"God talked to me today"

I was an agnostic who never took my family to church. And then, my son starting hearing the voice of God.

Published March 22, 2008 11:58AM (EDT)

The first time it happened, he was sitting in the kitchen behind me.

I was at the counter cutting vegetables for dinner when my older son said, "When God talked to me earlier today, before I went to school..."

That's how he spoke as a child. He was only 11, but his diction was formal, biblical almost, and he habitually attached clauses to make his points more precise. If he heard from God, it would be important to know not only that it was today and that it was early but also that it had occurred before school.

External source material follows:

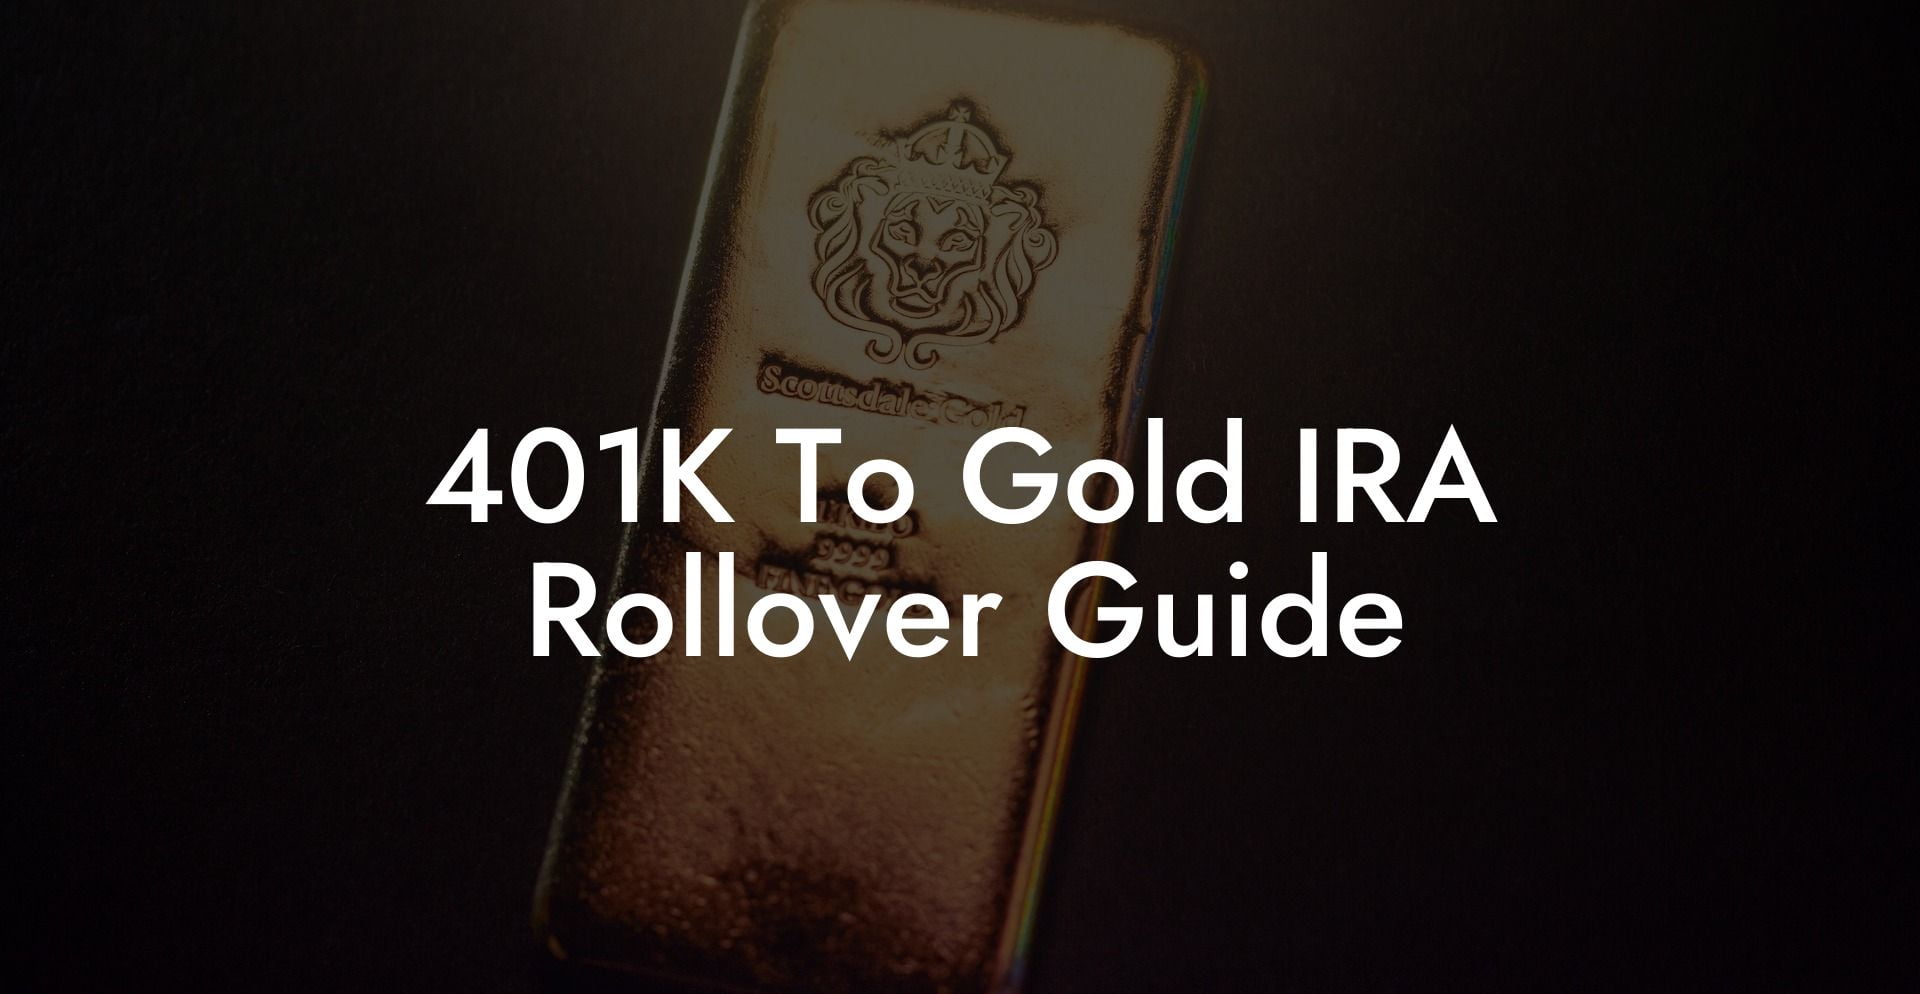 401K To Gold IRA Rollover Guide

I turned. "What did he say?" I asked. But Andrew was already gone, concentrating on something midair, eyes soft behind the thick lenses of his glasses. "Sweetheart?" Then I fell silent, too, forcing myself not to prod. Andrew has autism, and I'd learned that repeating a question only increased the amount of time he needed for mental processing. Patience -- or even just the appearance of it -- was the only way to get through.

By the time Andrew emerged from his reverie and began humming again, wagging his pencil back and forth above a rumpled page of history homework, dusk was settling in the room. The air outside had turned dim and coffee-colored. I switched on the overhead light.

"What did he say?" I repeated.

"What did he say?" Andrew muttered, as if this were a puzzle.

I grew itchy waiting this time, which may have had something to do with the light. The gloaming of evening: It was dangerous for me. My mind slowed and things tended to happen or be said before I'd thought them through.

"He said ..." -- I barely breathed for fear of interrupting my son's fragile train of thought -- "no."

The word -- though small and softly spoken -- rang like a bell, echoing through the gloom. No, no, no.

I waited for it to finish before asking, "No what?"

Andrew shrugged, looking for a moment like any boy. "Just no. Because I knew the rest of what he meant."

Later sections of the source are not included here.